In recent weeks, hedge funds abandoned the oil complex as they worried that the resumption of Iranian nuclear talks would bring a flood of oil to the marketplace. Yet, they boosted their net long position to the highest level in nearly 3 years last week.
It doesn’t help that there’s not a lot of new news. There were concerns about a drop in Chinese imports and also news about the resumption of the Iranian nuclear talks, but it still looks like a longshot when it comes to lifting sanctions.
In the past when oil processing rose, rig counts would increase rapidly, raising U.S. production; that isn’t happening this time. Banks are turning their back on U.S. energy, giving rise to a new era of OPEC+ dominance.

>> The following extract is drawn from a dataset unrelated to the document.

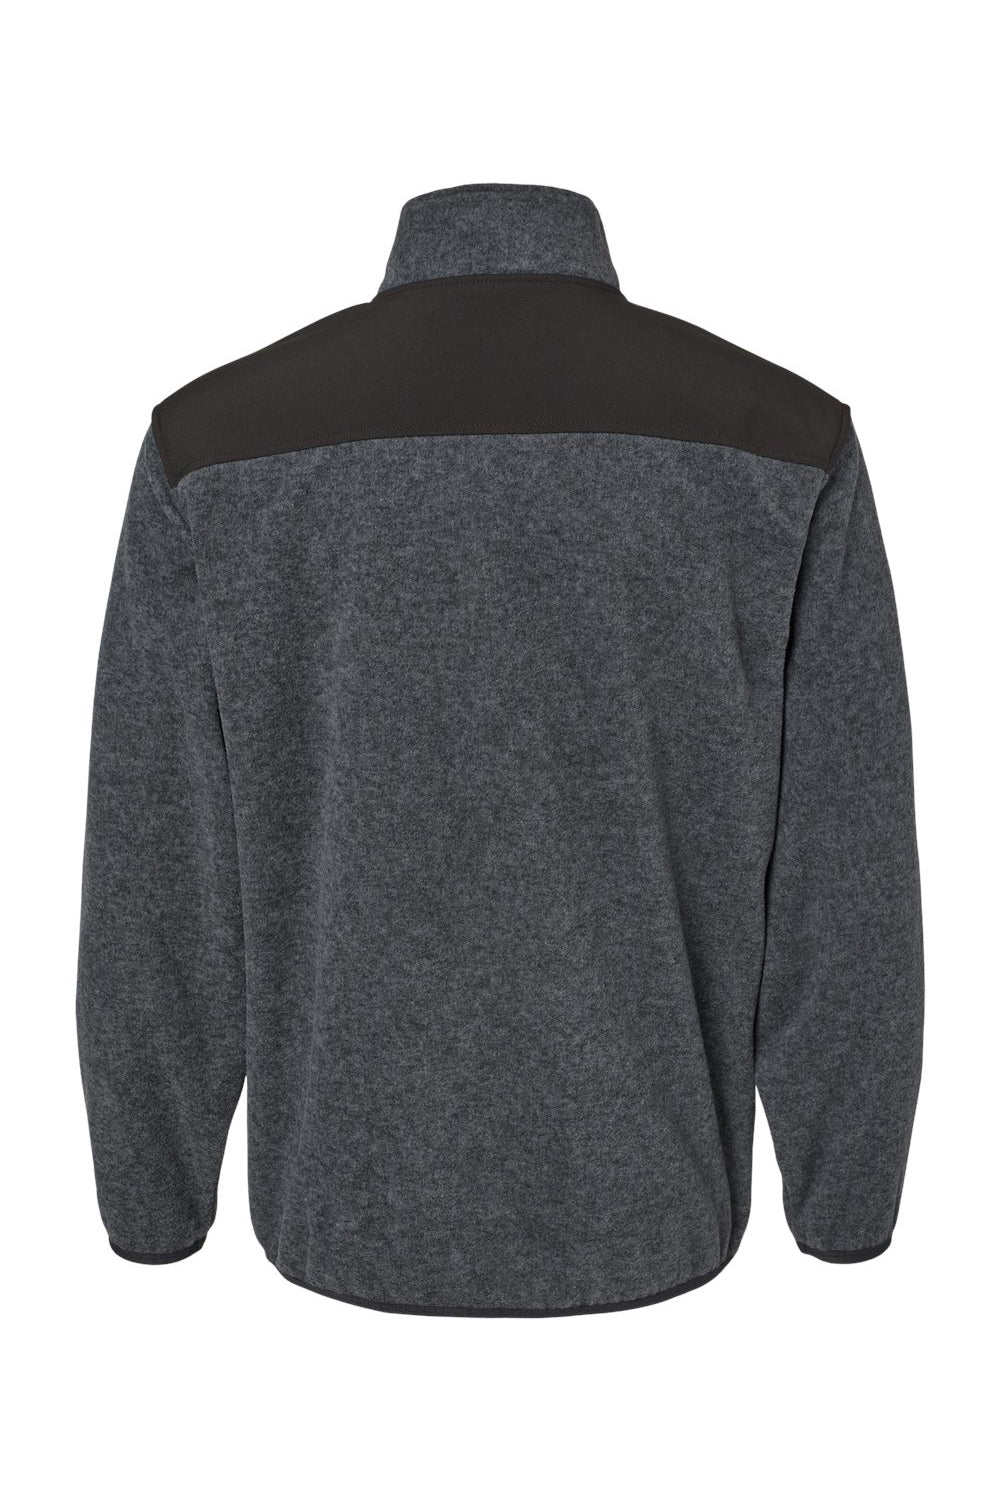 Dri Duck 7353 Mens Ranger Melange Fleece Sweatshirt Charcoal Grey Flat Back

Not only did a fire break out and sink the 207-meter Kharg, Iran’s largest warship, a fire continues to rage at one of its largest state-owned refinery and chemical company, the Tondgooyan Petrochemical Co.
Global demand is rising and the world is more than likely headed towards an oil supply squeeze. Demand is recovering faster than supply: U.S. rig counts rose by only 3 last week and crude oil inventories are falling.
Oil prices are being boosted by increasing demand and demand expectations, along with the fact that an Iran nuclear deal is becoming more difficult to reach, as Secretary of State Antony Blinken says that it’s unlikely that Iran will comply.